Public health advisories are called for by the surgeon general, who issues these statements to educate and raise awareness of significant and urgent public health issues. Advisories also advocate for short- and long-term solutions to address these issues by individuals, health care providers, and policymakers. However, they do not have the authority to enforce policy or activate funding. They are generally shorter and more urgent than full surgeon general reports, but they can have a significant impact.

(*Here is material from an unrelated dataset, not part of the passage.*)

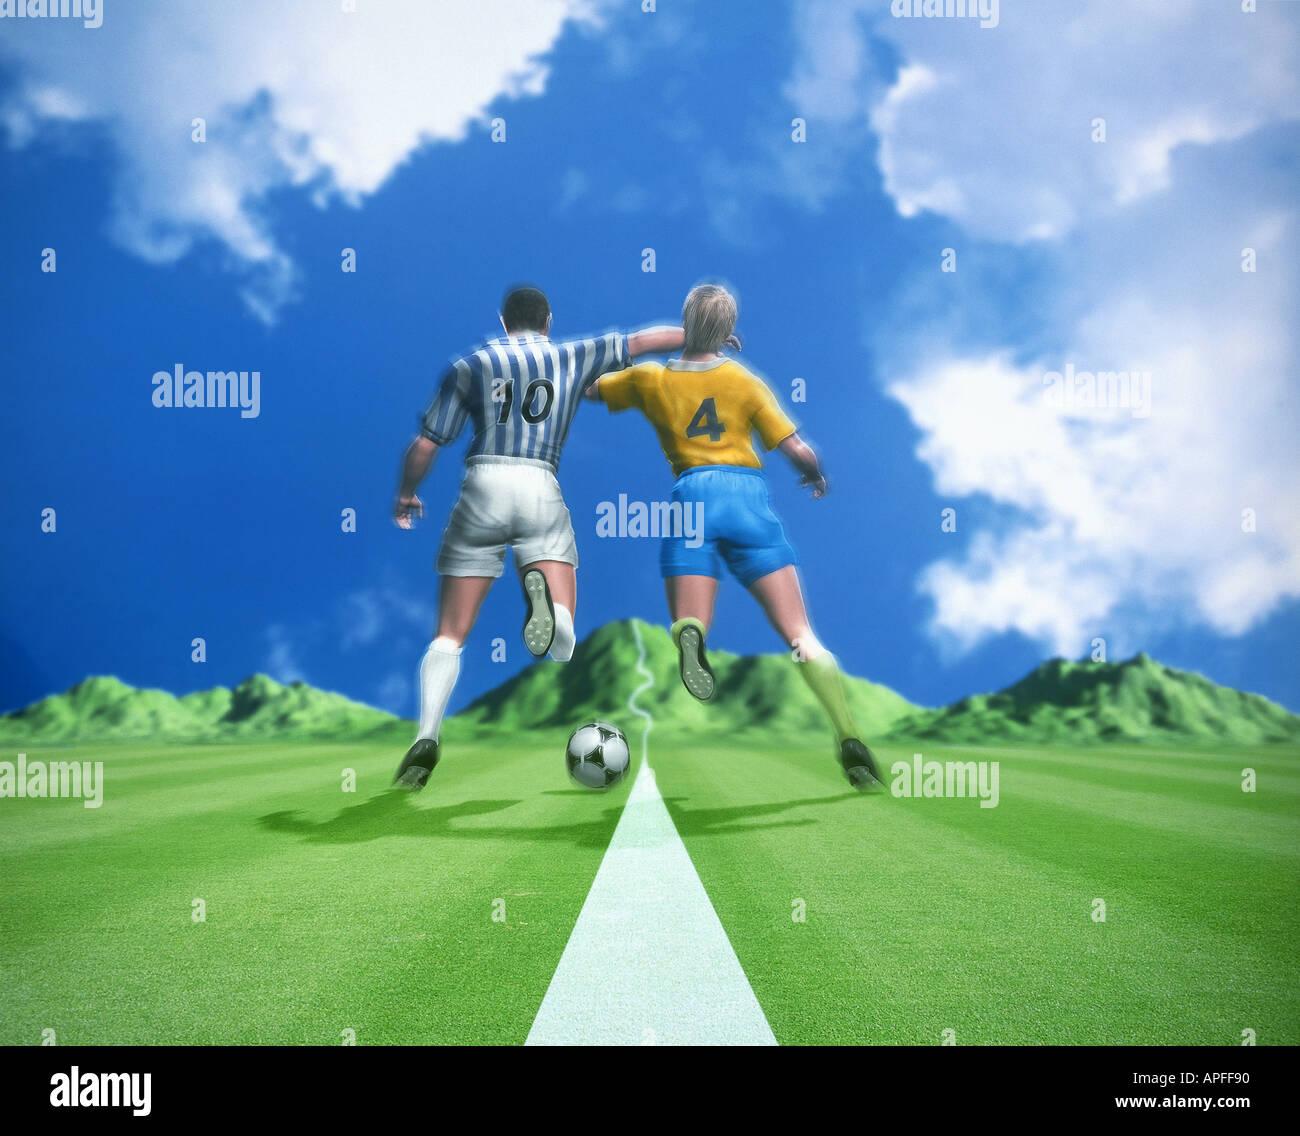 Sport Illustrationen Computergrafik CG-Team Sport-Ballsport-Fußball-Fußball Stockbild
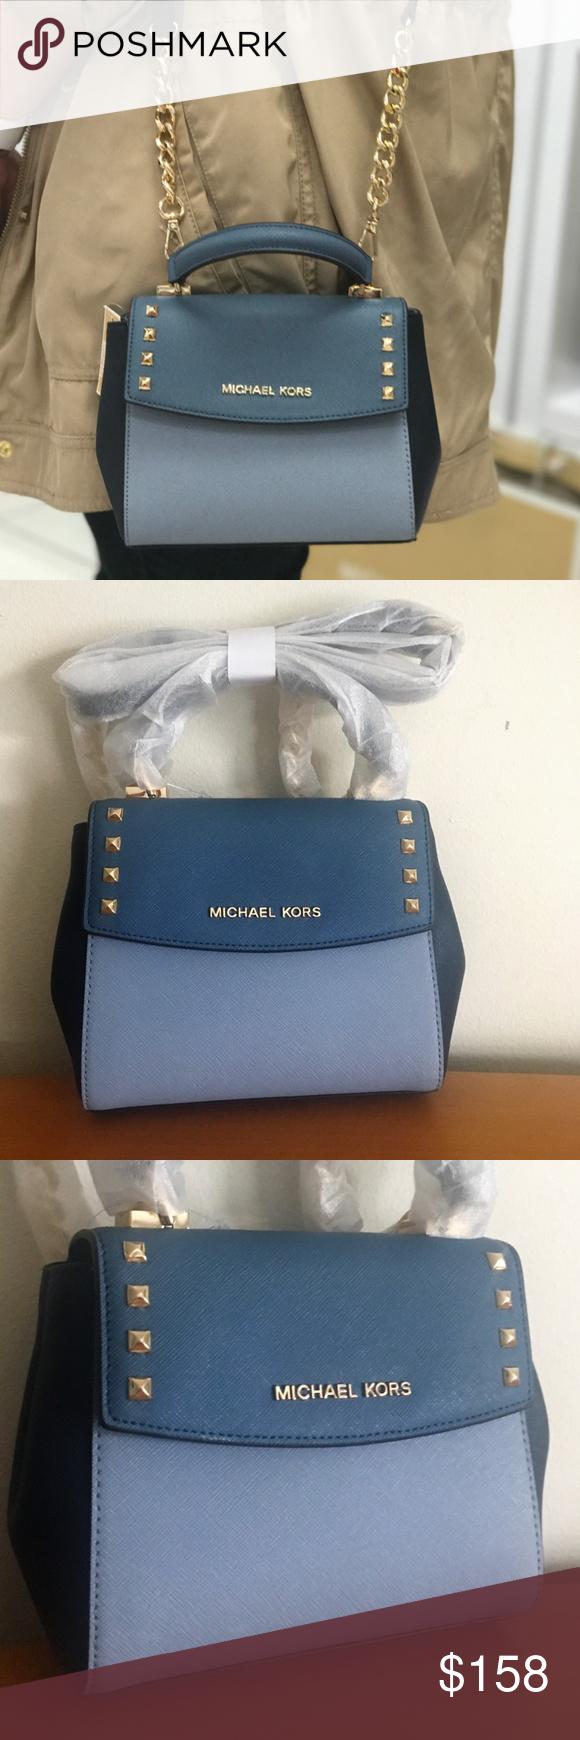 dabd6e5e3d65 Michael Kors Karla Mini Convertible Bag ~ Blues This Karla Mini Bag is a  fabulous colorblock

A 1964 report on the health risks of smoking kick-started a spate of efforts from across society—governments, private sector actors, and volunteer organizations—to combat its adverse effects. It helped start conversations about such ambitious projects as cigarette tax increases and smoke-free air laws. Taken together, these concerted efforts have extended the lives of an estimated 8 million Americans, according to a study published in the Journal of the American Medical Association.
Surgeon General Dr. Vivek Murthy has issued a range of advisories, most recently on how alcohol increases cancer risks and the harms of gun violence—but also on the effects of social media on youth mental health within months of Meta's news-making questioning before the Senate Judiciary Committee.
Without a clear and present danger like public health emergencies, it can be difficult to figure out how seriously to take the surgeon general's advisories, some of which have been characterized as public health crises like other public health emergency declarations. In an op-ed, Jeneen Interlandi, a scientist and public health writer for The New York Times Magazine, captured the confusion of the language used to describe these, saying, "In public health, at least, there is no objective formula for determining when a problem becomes a crisis."
She points to the subjectivity of public health crises plainly: "Even a deadly disease is a crisis only when we treat it like one … keep in mind that heart disease has killed nearly 100 million people in the time it took COVID to claim 7 million or so."
Interlandi argues that framing so many issues as crises lessens its effect and can lead to apathy. "In the future, if we survive that long, historians will marvel at either our capacity to endure so much hardship at once or our ability to label so many disparate problems with the same graying word," she wrote. "In the meantime, officials and policymakers—and, yes, journalists—ought to consider how they employ this term and why, and whether it's having the desired effect."
On the other hand, these advisories send a clear warning to the public that something is amiss, especially when it's hard to parse because of its widespread effects and ubiquity. After decades of mass shootings and staggering statistics of homicide and suicide, the government finally declared gun violence—the leading cause of child deaths nationally—a public health crisis in an advisory from the U.S. surgeon general in 2024. The historic declaration outlined the severity of the public health emergency and suggested solutions to mitigate it.
High-profile actions like these turn public attention to emergencies that may be living in the shadows. Like cigarette smoking before it, millions of lives could be extended because of it. As physician Dr. Deborah Prothrow-Stith told NPR, "It is time again to treat this epidemic, reduce our rates, and stay with it," she said. "We've done it before. We can do it again."